Работные бабы собирают по усадьбе у кого что есть сырого из одежды, развешивают на солнышке. Из терема выходит знахарь Дохот, поправив на плече сумку на длинной лямке, слезливо щурится в небо и мелким, торопливым шагом покидает усадьбу как тот, сделавший свое дело мавр.
После обеда отправляю пацанву следить за дорогой, нельзя, чтобы появление Миная застало нас врасплох. Полагаю, задержанный дождем, он не заставит себя долго ждать. И точно: едва успеваю расставить по местам
– Идет!
На сей раз на Минай предстает перед нами настоящим франтом. На нем коричневые полусапожки из мягкой, хорошей выделки кожи, с налипшей на подошвы грязью. Светло-серые онучи, перевязанные зелеными лентами – оборами, полосатые, многоскладчатые шаровары в красно-желтую полоску и малиновая, хитрым узорочьем шитая рубаха, подпоясанная желтым же поясом. Поверх рубахи темная накидка вроде плаща. На поясе кроме привычного ножа и кожаного кошеля – мошны еще и меч в дорогих ножнах. Пальцы в золотых перстнях, на шее толстенная голдовая цепка – гривна. Голову с усами то ли подстриг, то ли просто помыл, смотрятся свежо. Ни дать, ни взять – уважаемый человек, авторитет. Красавец мужчина. Такому попробуй откажи.

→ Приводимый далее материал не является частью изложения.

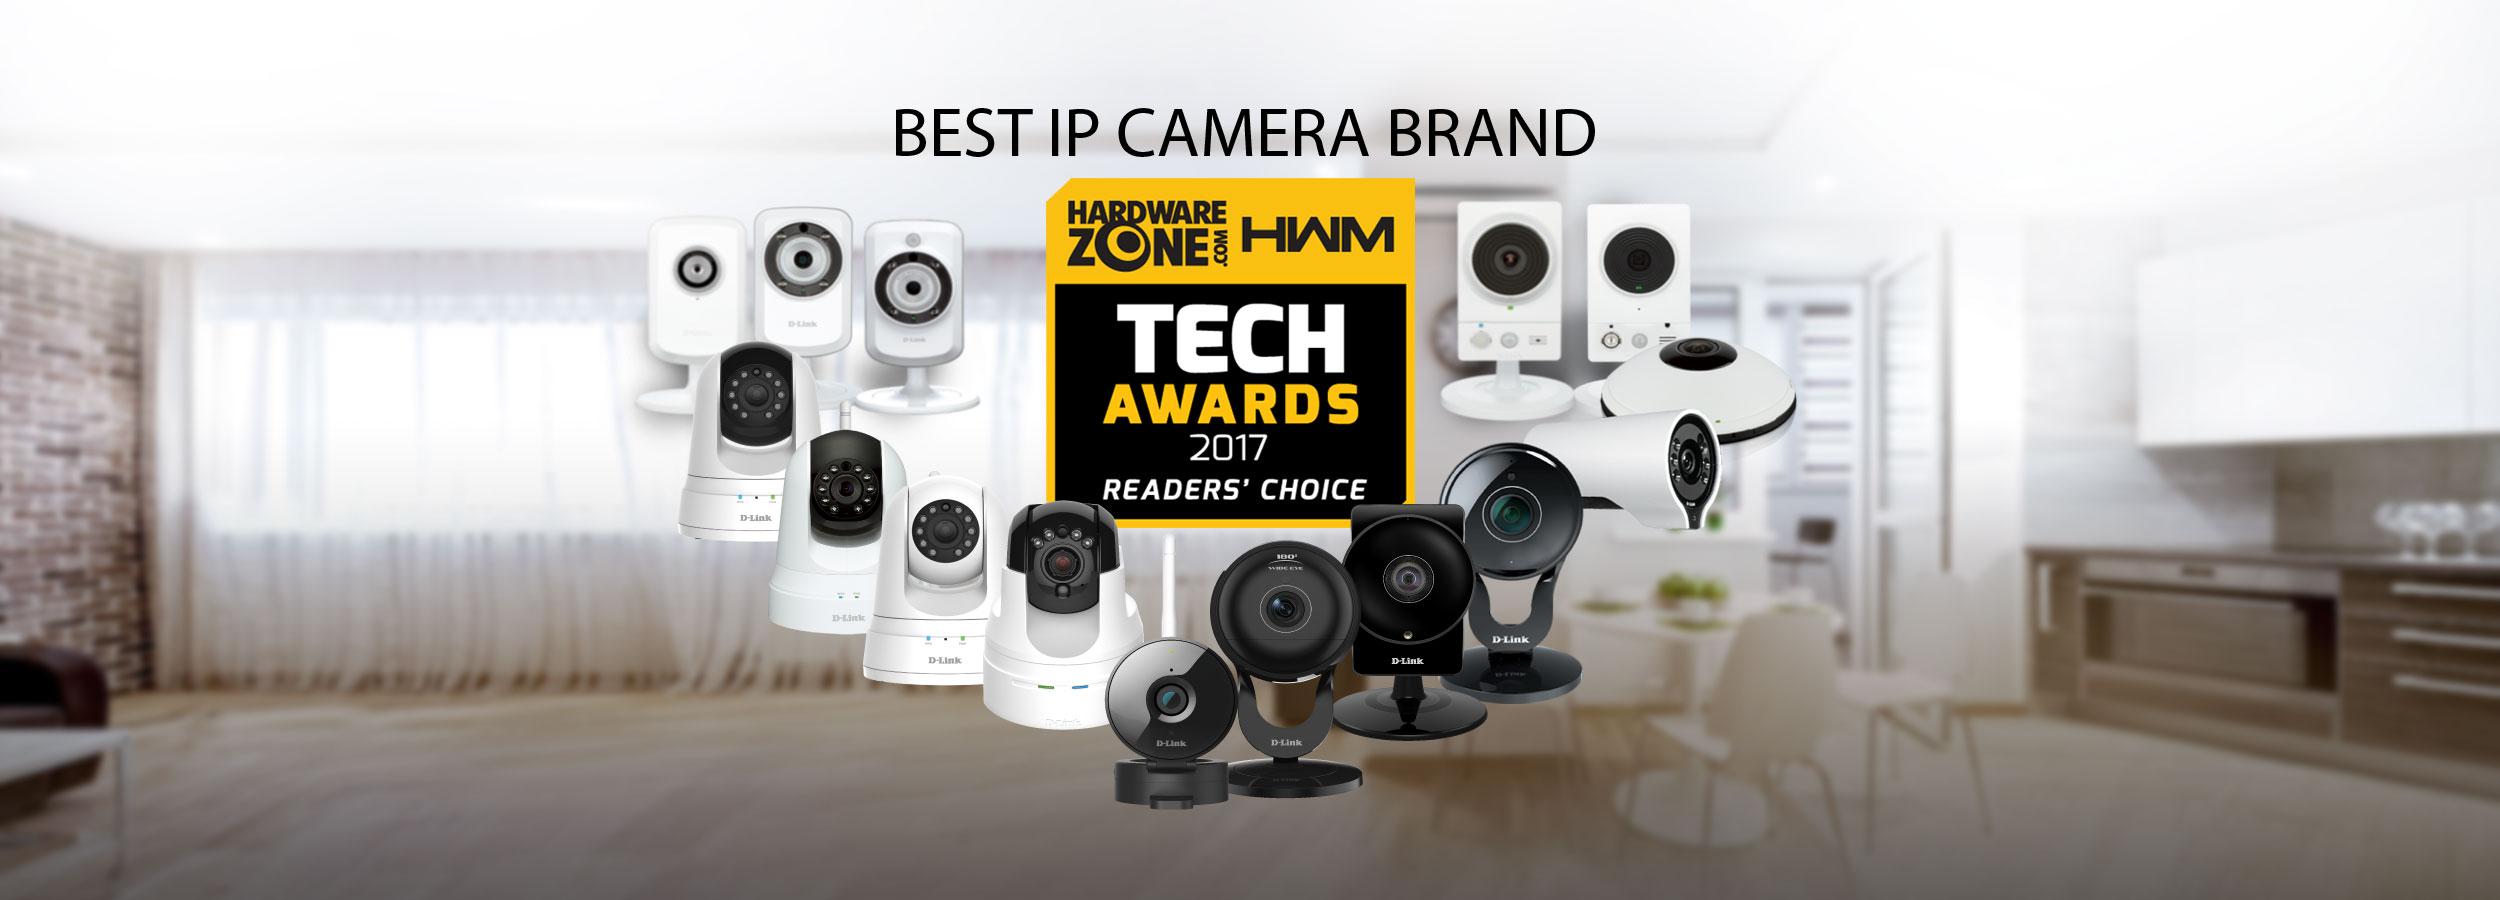 BestIPCameraAward-DLinkSingapore1

Воротная стража из самых отъявленных Липановых дулебов радушно распахивает обе створки, запуская на двор не две, а уже три, ломящиеся от поклажи повозки. Колеса тележные большие, тяжелые, без спиц, сбиты из цельных досок. Кажется, что они вообще не способны вращаться.
Предотвратить творящееся самоуправство сразу я не успеваю, разворачивать теперь только народ смешить. Машу руками, кричу: «Влево отгоняй, возле ограды ставь, возниц взашей, запирай воротай!»
На решительных лицах мужиков читается твердое нежелание и на этот раз выпускать добро с подворья. Вот черти, думаю, с этих станется, нищего разуют...
С расправленными плечами и выпяченным вперед животом Минай гордым павианом пересекает усадебный двор. Так и пышет уверенностью, глаза сверкают как у кота, почуявшего флакон с валерианкой. Не иначе, об отказе и не помышляет.
Вот сейчас мы тебя удивим!
Подниматься на крыльцо Минай не стал, останавливается перед ним посередке, засовывает большие пальцы под ремень, стоит неподвижный как памятник. Ждет, внимания ни на кого не обращает.
Посылают в терем за хозяйкой. Я с Гольцом и Рыкуем подхожу ближе к Минаю.
Боярыня Любослава входит на крыльцо точно на эшафот. Ее голова по самые брови укрыта плотным темно-серым платком. Лицо кажется исхудалым и нездоровым как после тифа, под лихорадочно горящими глазами вспухли наплаканные синяки.
Мелькнула и испуганно исчезла в дверях фигура боярской дочки, в глубине терема послышался плач ребенка. К окнам приникли любопытствующие лица.
Минай, подобрав левой рукой плащ на животе, совершает неожиданно глубокий наклон, пальцами правой касаясь земли. Глядя на Любославу снизу вверх, говорит мягким голосом:
– Исполать тебе, краса Любославушка! Вот и вышел срок нашего уговора! Пришел я узнать: после положенных дней скорби по усопшему мужу, согласишься ли стать моей женой? Ты уж прости, что тороплю с ответом, для меня это очень важно, ждать дольше не могу и причин этому очень много.
После двухминутной паузы с болезненным стоном и, как мне кажется, с наслаждением Любослава рвет с головы платок. Встряхивает освободившимися, неаккуратно и очень коротко остриженными волосами, глядит с упрямым, отчаянным вызовом.